* [Work request]:
In the listing below, find each line holding "that" and copy it.

* [Provided information]:
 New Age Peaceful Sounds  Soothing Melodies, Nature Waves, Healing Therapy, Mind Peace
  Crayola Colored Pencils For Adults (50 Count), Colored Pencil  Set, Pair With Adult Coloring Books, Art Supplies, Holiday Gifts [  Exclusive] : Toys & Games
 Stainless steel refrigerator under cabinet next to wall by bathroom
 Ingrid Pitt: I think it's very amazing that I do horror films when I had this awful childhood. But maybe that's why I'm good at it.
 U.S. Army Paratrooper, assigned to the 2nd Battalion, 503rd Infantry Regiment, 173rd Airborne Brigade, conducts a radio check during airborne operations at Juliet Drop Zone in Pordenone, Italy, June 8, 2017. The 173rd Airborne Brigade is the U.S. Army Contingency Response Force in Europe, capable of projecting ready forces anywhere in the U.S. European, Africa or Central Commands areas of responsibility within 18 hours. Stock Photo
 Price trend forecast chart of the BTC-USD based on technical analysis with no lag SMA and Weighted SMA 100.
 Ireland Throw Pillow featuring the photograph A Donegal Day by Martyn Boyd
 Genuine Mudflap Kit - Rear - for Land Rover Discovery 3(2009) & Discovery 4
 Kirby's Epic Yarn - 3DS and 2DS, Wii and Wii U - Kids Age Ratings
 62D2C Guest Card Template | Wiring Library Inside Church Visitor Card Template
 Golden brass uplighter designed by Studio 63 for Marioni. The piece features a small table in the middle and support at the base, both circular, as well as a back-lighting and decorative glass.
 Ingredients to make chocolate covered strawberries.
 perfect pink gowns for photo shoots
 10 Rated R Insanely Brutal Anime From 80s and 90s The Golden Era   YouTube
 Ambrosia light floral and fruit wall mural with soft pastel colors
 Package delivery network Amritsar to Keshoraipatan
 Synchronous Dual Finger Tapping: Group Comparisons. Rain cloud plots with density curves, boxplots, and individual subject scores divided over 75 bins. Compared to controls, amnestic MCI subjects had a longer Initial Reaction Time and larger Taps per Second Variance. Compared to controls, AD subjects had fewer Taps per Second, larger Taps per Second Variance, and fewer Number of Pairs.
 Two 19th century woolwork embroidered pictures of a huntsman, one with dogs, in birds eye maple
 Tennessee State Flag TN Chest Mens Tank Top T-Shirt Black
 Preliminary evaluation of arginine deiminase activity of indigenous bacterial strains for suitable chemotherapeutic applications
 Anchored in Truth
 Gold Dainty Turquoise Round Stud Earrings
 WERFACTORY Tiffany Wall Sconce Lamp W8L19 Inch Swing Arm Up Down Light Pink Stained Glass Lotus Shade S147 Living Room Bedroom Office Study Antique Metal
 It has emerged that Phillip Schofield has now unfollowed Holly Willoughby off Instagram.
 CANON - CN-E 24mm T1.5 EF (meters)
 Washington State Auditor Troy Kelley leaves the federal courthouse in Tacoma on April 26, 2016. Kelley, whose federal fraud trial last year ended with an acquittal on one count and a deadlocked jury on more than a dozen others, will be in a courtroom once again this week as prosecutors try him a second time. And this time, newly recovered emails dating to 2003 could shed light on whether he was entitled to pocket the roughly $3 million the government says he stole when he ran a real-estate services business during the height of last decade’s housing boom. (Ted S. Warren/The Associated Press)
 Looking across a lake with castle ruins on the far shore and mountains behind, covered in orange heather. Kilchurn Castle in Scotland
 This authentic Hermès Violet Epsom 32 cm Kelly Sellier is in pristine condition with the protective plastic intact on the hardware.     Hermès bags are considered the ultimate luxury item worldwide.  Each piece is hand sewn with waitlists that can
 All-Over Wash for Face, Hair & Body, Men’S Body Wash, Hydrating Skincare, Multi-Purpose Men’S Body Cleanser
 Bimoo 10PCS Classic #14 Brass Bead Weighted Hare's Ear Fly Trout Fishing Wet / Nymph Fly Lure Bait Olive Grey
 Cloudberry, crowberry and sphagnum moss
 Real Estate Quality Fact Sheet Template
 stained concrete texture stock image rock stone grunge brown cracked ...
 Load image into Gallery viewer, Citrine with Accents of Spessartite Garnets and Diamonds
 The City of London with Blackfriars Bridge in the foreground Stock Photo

* [Solution to this task]:
 Ingrid Pitt: I think it's very amazing that I do horror films when I had this awful childhood. But maybe that's why I'm good at it.
 It has emerged that Phillip Schofield has now unfollowed Holly Willoughby off Instagram.
 This authentic Hermès Violet Epsom 32 cm Kelly Sellier is in pristine condition with the protective plastic intact on the hardware.     Hermès bags are considered the ultimate luxury item worldwide.  Each piece is hand sewn with waitlists that can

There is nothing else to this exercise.